To strengthen the prospects of prosecution of cyber-enabled international crimes further, the ICC and States should invest in, or where appropriate reinforce, cyber expertise across prosecution teams. States should ensure their domestic law enables them to participate fully in the joint investigation of international crimes, and strengthen informal networks with the cyberthreat intelligence community to increase access to cyber intelligence and evidence. States and the ICC should ensure adequate training is available to investigators, prosecutors and judges in digital forensics, attribution, encryption, blockchain-tracing and deepfake detection, as well as expertise in cross-border frameworks on gathering electronic data (indeed, such training would benefit the prosecution of all crimes with a digital element).

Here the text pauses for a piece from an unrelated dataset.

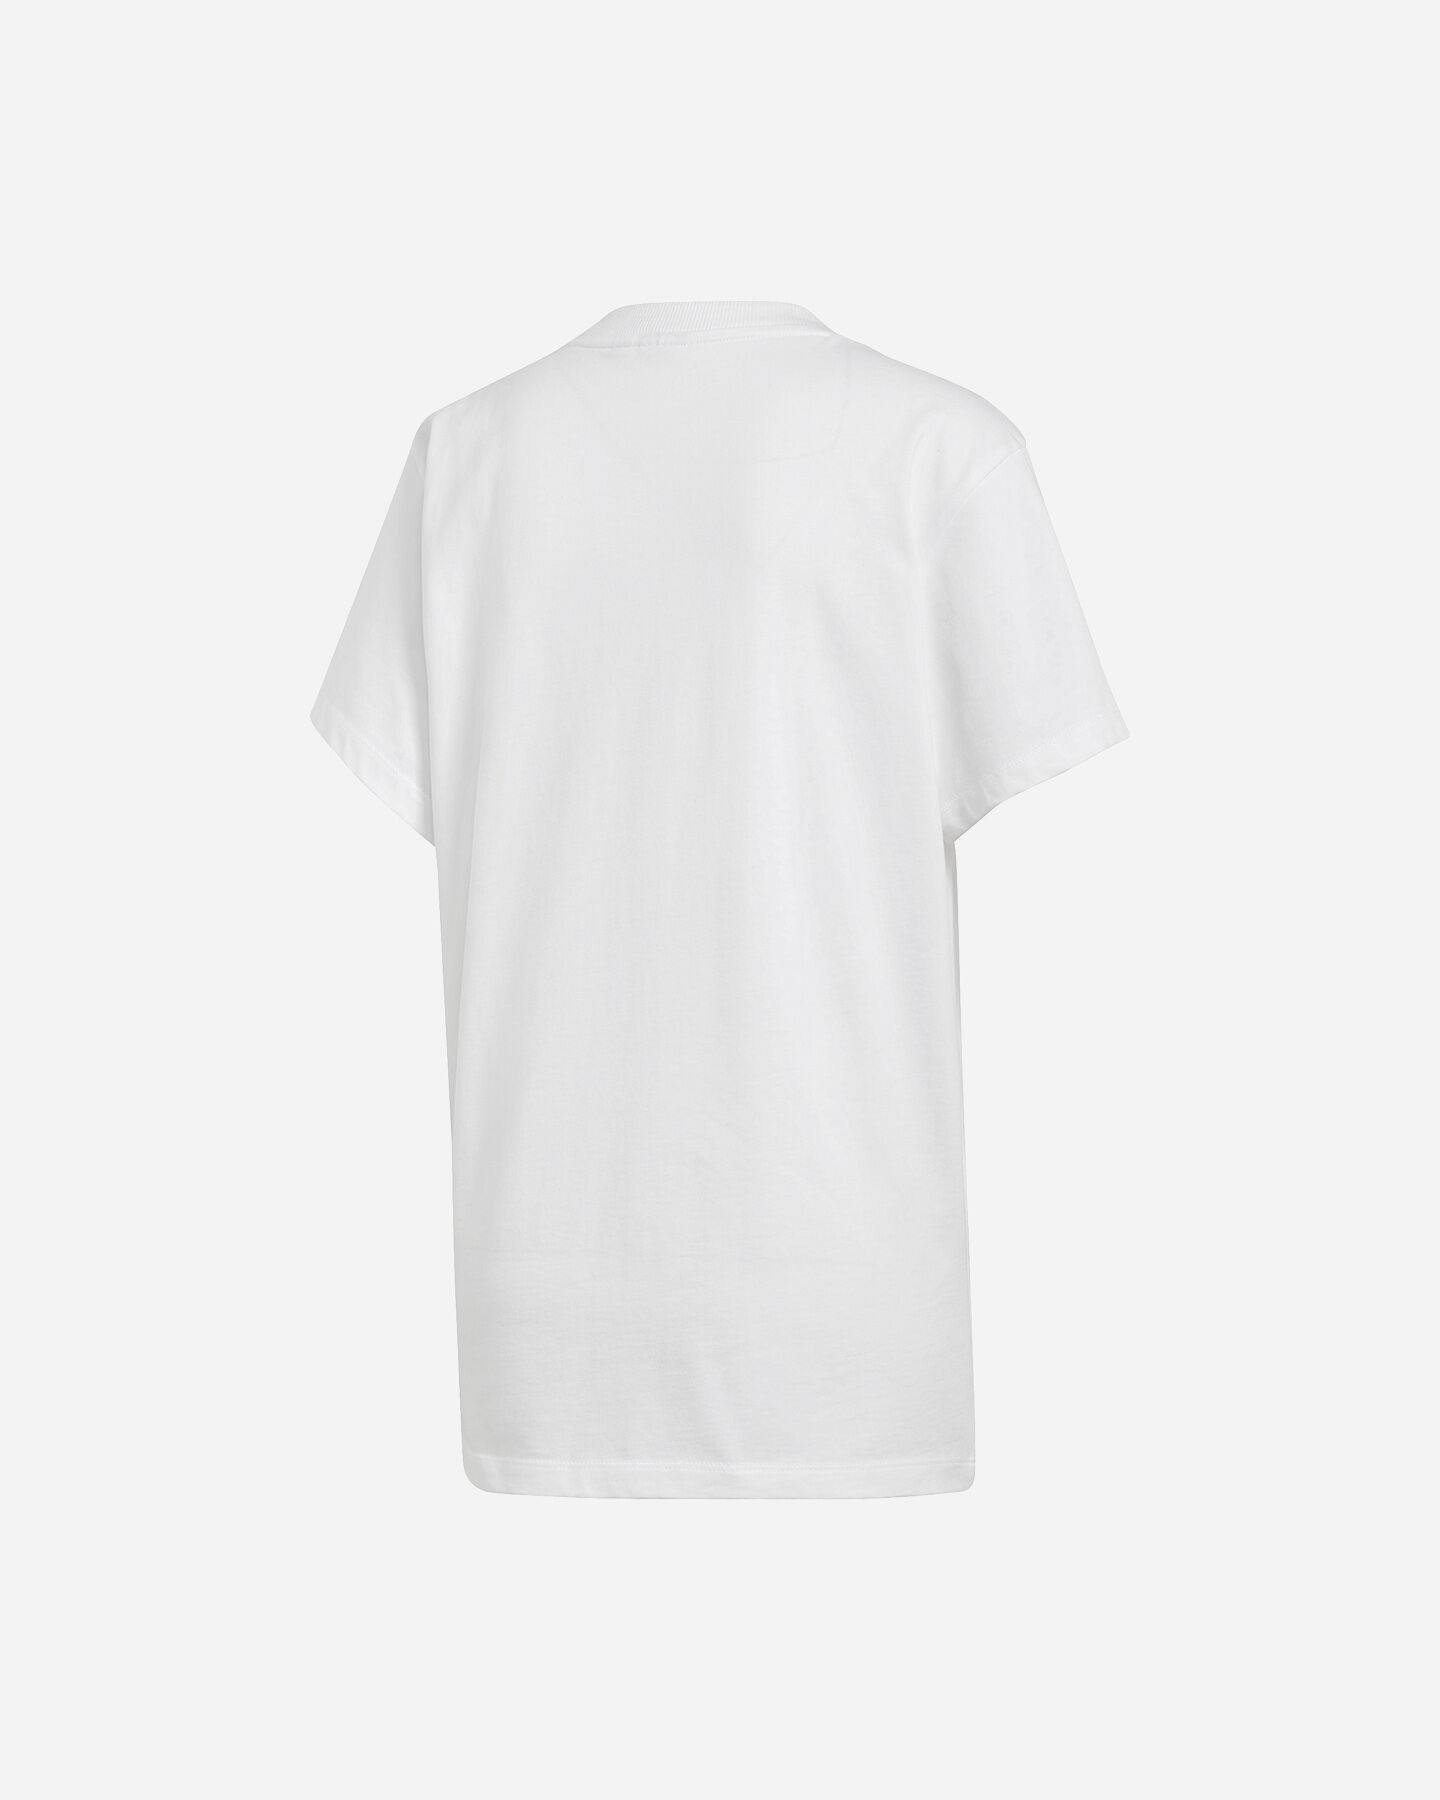  T-Shirt ADIDAS BOYFRIEND TREFOIL W S2013744|UNI|38 scatto 1

While these measures will entail capacity development, efficiencies can be gained by adapting existing training on the investigation and prosecution of cybercrime (for example, by the EU or the Council of Europe’s Cybercrime Programme Office) to include cyber-enabled international crimes, and by inviting the ICC to take part. The mounting severity of cyber operations should spur all actors to adopt a global and proactive approach to bringing perpetrators to justice.